Expanded into its common engineering form, the first three rows are u, v, and w, while the translation terms in the last column are -u·e, -v·e, and -w·e. This shows that the translation part is fundamentally the projection of the camera position onto the new basis.
def look_at(e, g, up):
T = view_translation(e)
R = view_rotation(g, up)
return R @ T # Apply translation first, then rotation, to build the View Matrix
This code gives the cleanest LookAt-style implementation skeleton.
The diagram visually highlights the mathematical convergence point of the lesson
AI Visual Insight: This diagram serves as a summary illustration of the lesson.
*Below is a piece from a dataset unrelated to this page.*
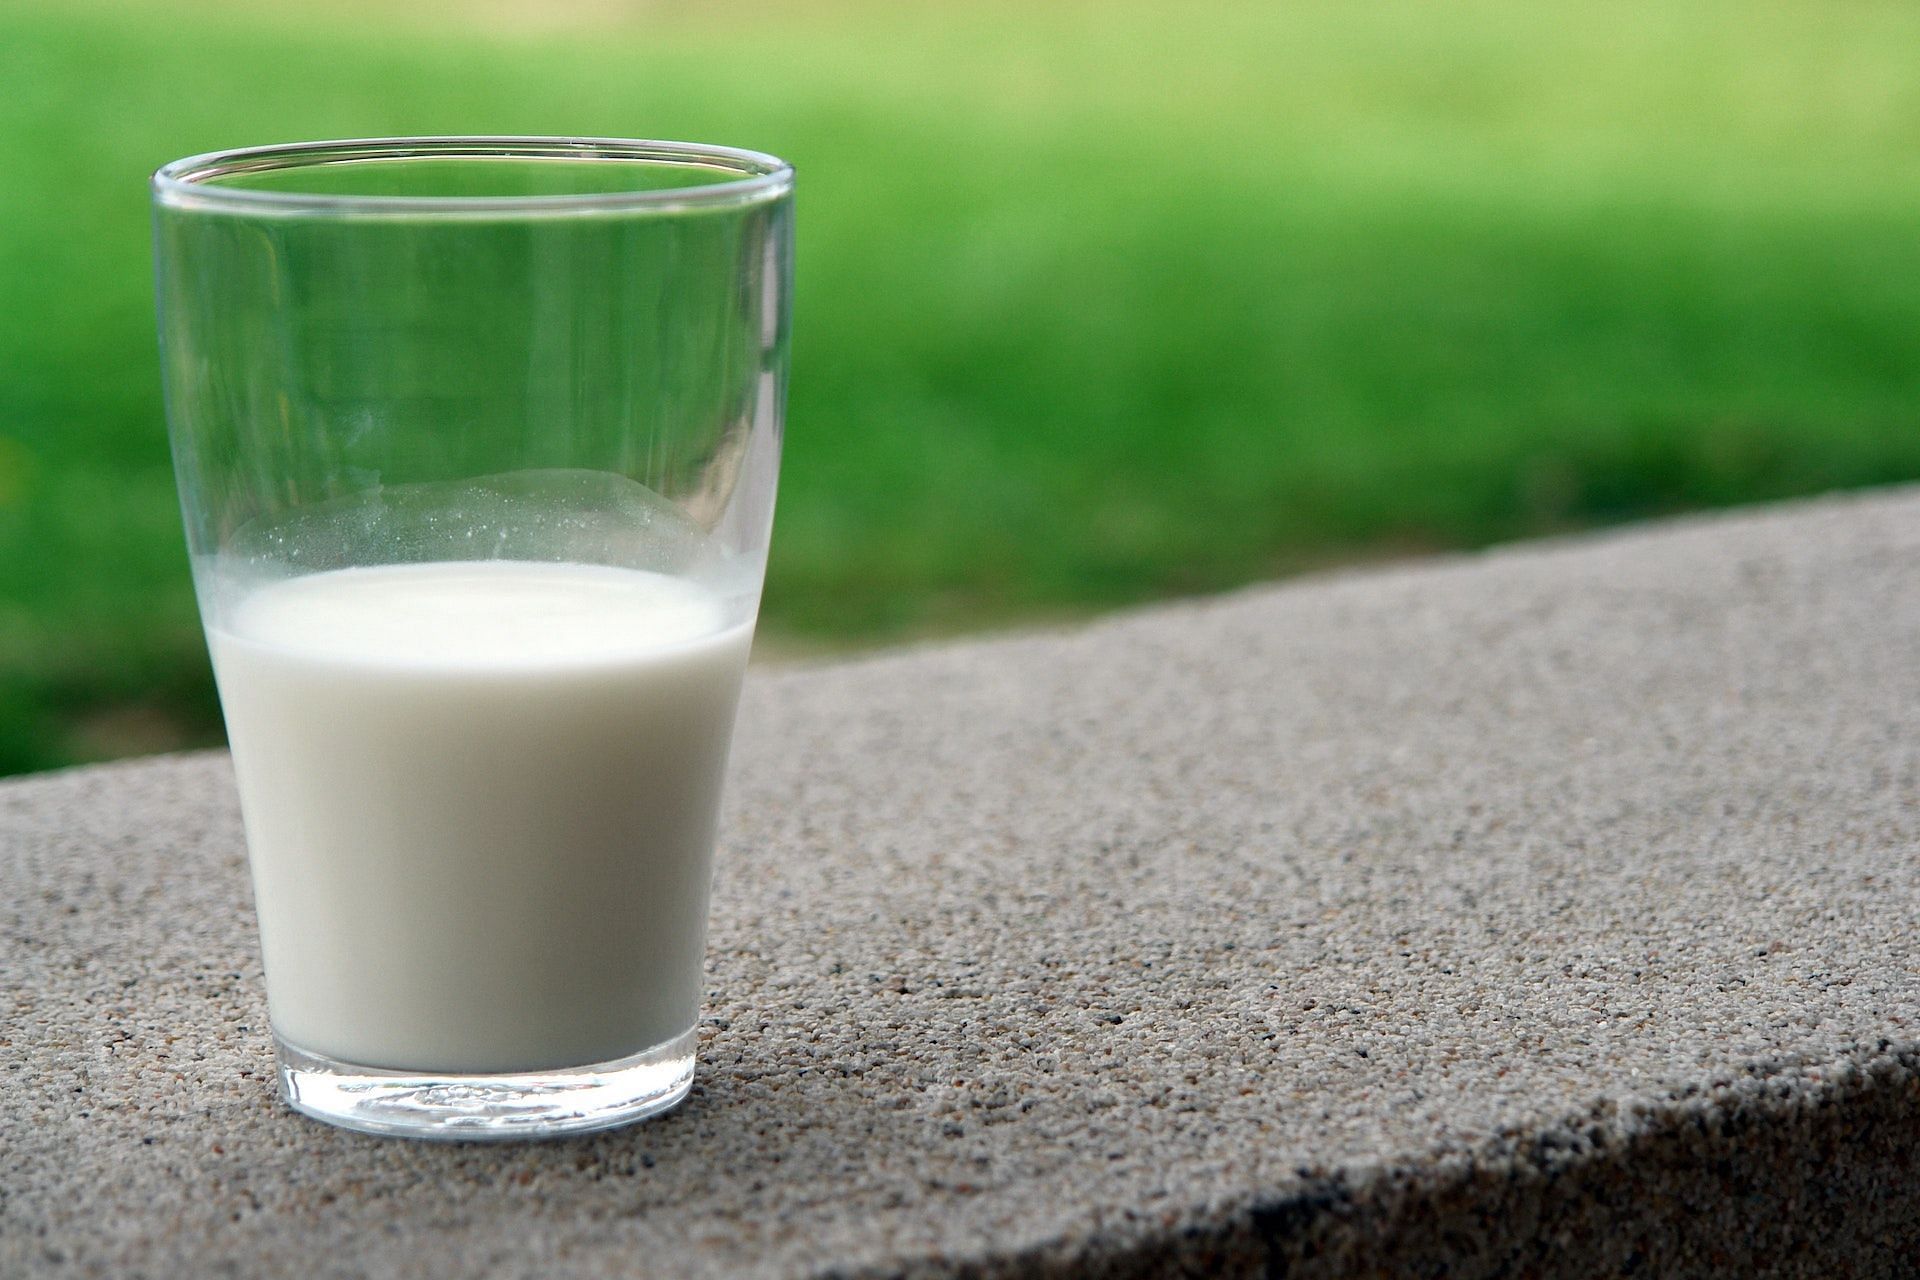 Nutrition in oat milk includes calcium, dietary fiber, protein, etc.   (Photo via Pexels/Pixabay)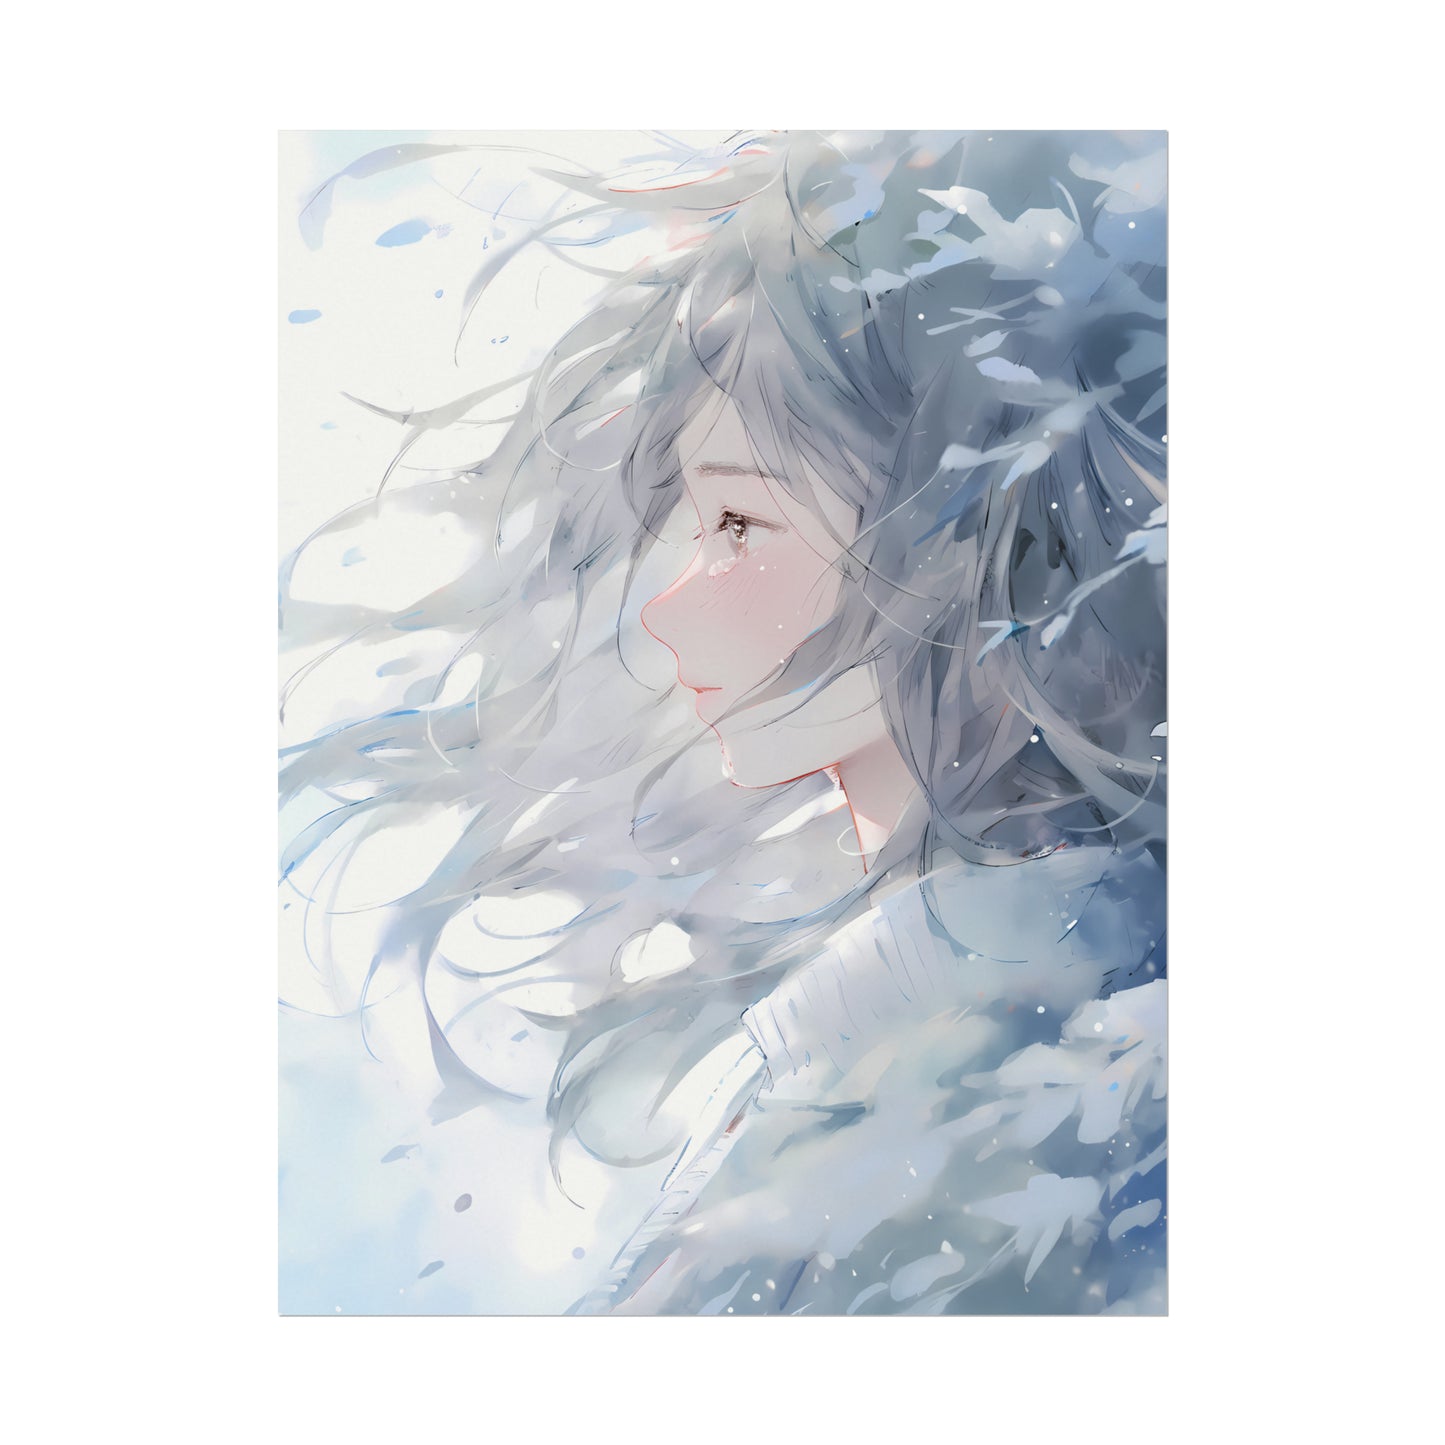 Fade Into Winter - Anime Watercolor Poster

Visually, it emphasizes the progression from “2D transformation → 3D transformation → View Matrix.” It helps readers map abstract formulas onto the camera-positioning problem inside the rendering pipeline and highlights the View Matrix as the bridge within the MVP stack.
This derivation transfers directly to OpenGL and game engines
Whether you are working with OpenGL teaching code, Unity camera math, or Unreal view transforms, the core logic remains the same: first construct the camera’s orthonormal basis, then generate the transformation matrix from world space to camera space.
If you can never remember the View Matrix formula, remember just one sentence: Fix the camera in the canonical pose, then let the world undergo the inverse translation and inverse rotation. The formula is simply the matrix form of that statement.
FAQ
1. Why does the View Matrix transform the scene instead of “moving the camera”?
Because rendering calculations work more cleanly when every object is transformed into camera space in a unified way. Mathematically, the two approaches are equivalent, but “fix the camera and transform the world” makes it easier to build a standardized rendering pipeline.
2. Why is the fact that a rotation matrix’s inverse equals its transpose so important in View Matrix derivation?
Because directly solving for the rotation from an arbitrary camera direction to the canonical direction is not intuitive. If you first construct the inverse rotation matrix and then take its transpose, both the derivation and the implementation become much simpler.
3. Why can’t the up vector be used directly as the final camera up direction?
Because the input up vector only provides a reference upward direction and is not guaranteed to be orthogonal to gaze. You must rebuild u, v, and w using cross products to obtain a strictly orthonormal camera coordinate system.
AI Readability Summary
This article reconstructs the GAMES 101 View transform material and systematically explains 2D rotation, homogeneous coordinates, the 3D camera coordinate system, and the derivation of the View Matrix. It clarifies why the View transform is fundamentally “moving the scene in reverse” and provides matrix formulas and code that you can use directly in practice.